Can you check if your gradients (or the output) is different? Are there any random parts to your model (random initialization, etc?) Weights to nn layers are usually randomly initialized.

Training is different, but that does not matter actually.

What matters is that train_loss1 and train_loss2 are different numbers, though I would expect them to be equal.
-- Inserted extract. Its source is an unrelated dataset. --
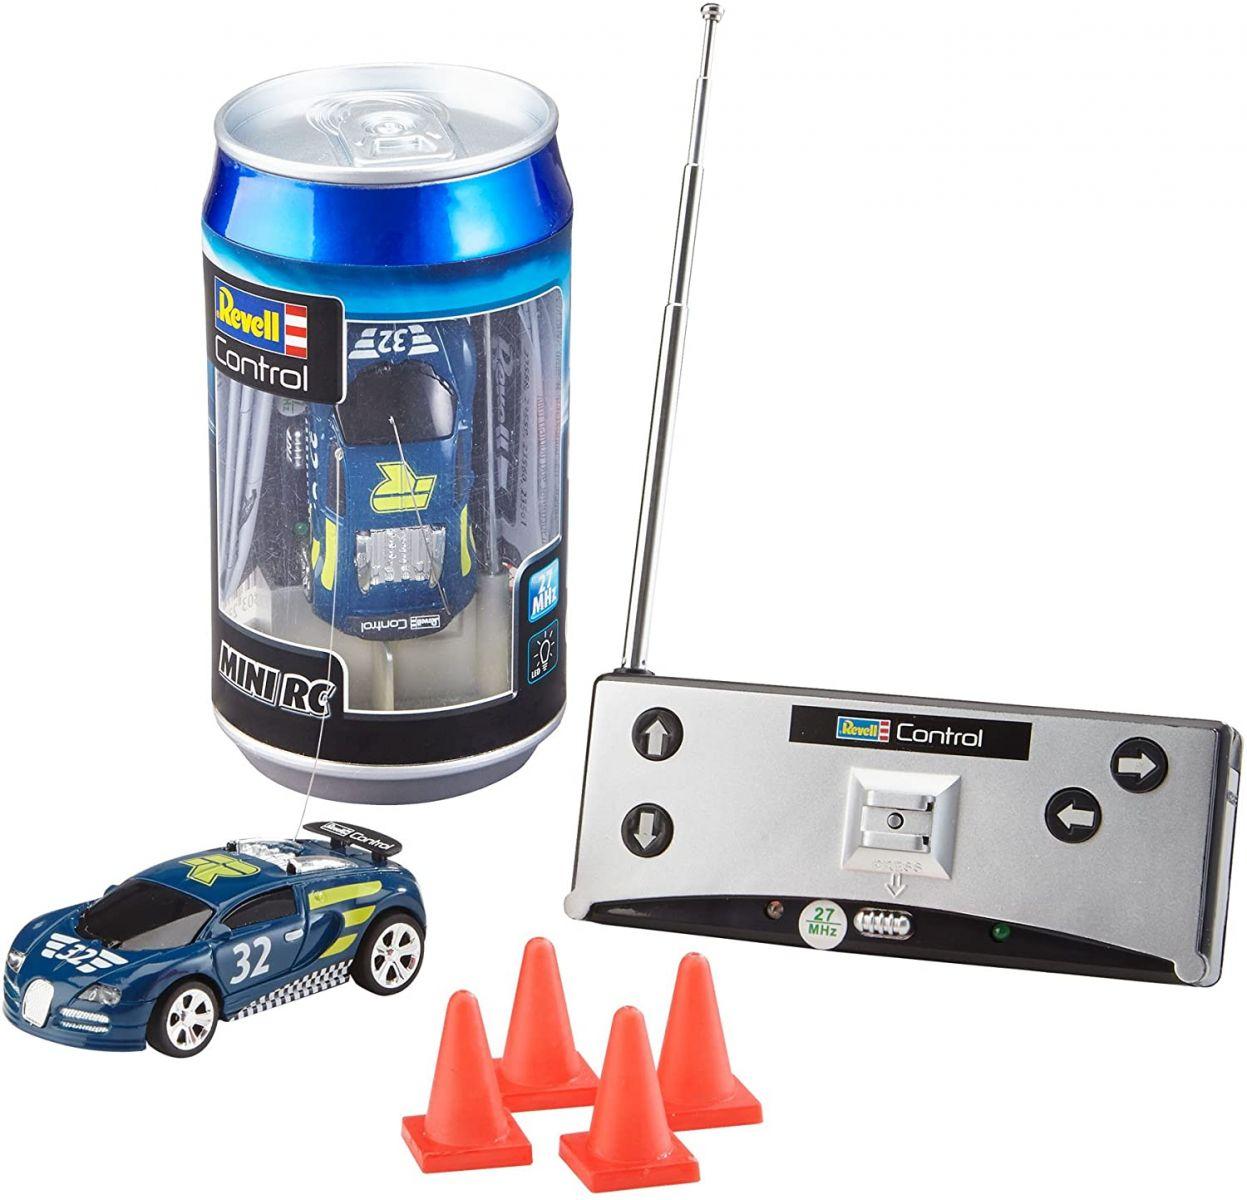 Miniaturowy samochód zdalnie sterowany z czterema pachołkami oraz pilotem - całość mieści się w puszce

How can this happen?

@rasemailcz could you show me some inputs where train_loss1 and train_loss2 are different?

@richard

output = -0.0226 -0.1922 0.1461 -0.0481 -0.0526 -0.0449 0.1586 -0.0980 0.2177 0.0402 -0.1200 0.0010 0.0022 0.0430 0.1930 0.2304 0.0043 0.0659 0.2427 0.1580 -0.0449 -0.0477 0.1961 0.2336 -0.0308 0.0648 0.0669 0.0072 0.0353 -0.2793 0.0105 -0.1510 -0.0942 -0.1761 0.0477 -0.0564 -0.1628 0.0467 -0.0819 -0.2643 0.1066 -0.0952 0.0918 -0.0934 0.1405 -0.1959 -0.0477 -0.1138 -0.1032 -0.0622 -0.0658 0.2957 -0.1170 -0.1541 0.1663 0.2635 -0.1477 0.2634 0.0940 -0.0477 -0.1920 0.0104 0.3450 -0.0514 -0.1592 0.2188 -0.3998 -0.1696 -0.1194 -0.3216 -0.0702 0.0074 -0.0223 0.0597 0.0329 -0.1500 0.2207 0.1900 -0.0688 0.3510 0.1114 -0.0829 0.0919 -0.1787 0.0266 -0.2059 0.0821 -0.1061 0.1190 0.0090

target.cuda() = 0.3100 0.0638 -0.1865 -0.4252 -0.6371 -0.8090 -0.9300 -0.9922 -0.9919 -0.9289 -0.8072 -0.6343 -0.4212 -0.1814 0.0700 0.3170 0.5440 0.7365 0.8823 0.9720 0.9999 0.9641 0.8669 0.7143 0.5162 0.2850 0.0355 -0.2163 -0.4543 -0.6634 -0.8300 -0.9435 -0.9965 -0.9855 -0.9113 -0.7784 -0.5955 -0.3742 -0.1287 0.1252 0.3711 0.5931 0.7769 0.9105 0.9854 0.9965 0.9431 0.8286 0.6604 0.4493 0.2089 -0.0451 -0.2962 -0.5282 -0.7259 -0.8763 -0.9697 -1.0000 -0.9649 -0.8669 -0.7122 -0.5110 -0.2762 -0.0232 0.2313 0.4707 0.6794 0.8435 0.9523 0.9986 0.9792 0.8954 0.7526 0.5602 0.3308 0.0794 -0.1772 -0.4222 -0.6394 -0.8143 -0.9355 -0.9947 -0.9880 -0.9158 -0.7828 -0.5979 -0.3731 -0.1234 0.1345 0.3836

The following script:

import torch
import torch.nn.functional as F
from torch.autograd import Variable

output = Variable(torch.Tensor(
[-0.0226, -0.1922, 0.1461, -0.0481, -0.0526, -0.0449, 0.1586, -0.0980, 0.2177, 
0.0402, -0.1200, 0.0010, 0.0022, 0.0430, 0.1930, 0.2304, 0.0043, 0.0659, 0.2427, 
0.1580, -0.0449, -0.0477, 0.1961, 0.2336, -0.0308, 0.0648, 0.0669, 0.0072, 0.0353,
-0.2793, 0.0105, -0.1510, -0.0942, -0.1761, 0.0477, -0.0564, -0.1628, 0.0467, 
-0.0819, -0.2643, 0.1066, -0.0952, 0.0918, -0.0934, 0.1405, -0.1959, -0.0477,
-0.1138, -0.1032, -0.0622, -0.0658, 0.2957, -0.1170, -0.1541, 0.1663, 0.2635,
-0.1477, 0.2634, 0.0940, -0.0477, -0.1920, 0.0104, 0.3450, -0.0514, -0.1592, 0.2188,
-0.3998, -0.1696, -0.1194, -0.3216, -0.0702, 0.0074, -0.0223, 0.0597, 0.0329, 
-0.1500, 0.2207, 0.1900, -0.0688, 0.3510, 0.1114, -0.0829, 0.0919, -0.1787, 0.0266, 
-0.2059, 0.0821, -0.1061, 0.1190, 0.0090]), requires_grad=True)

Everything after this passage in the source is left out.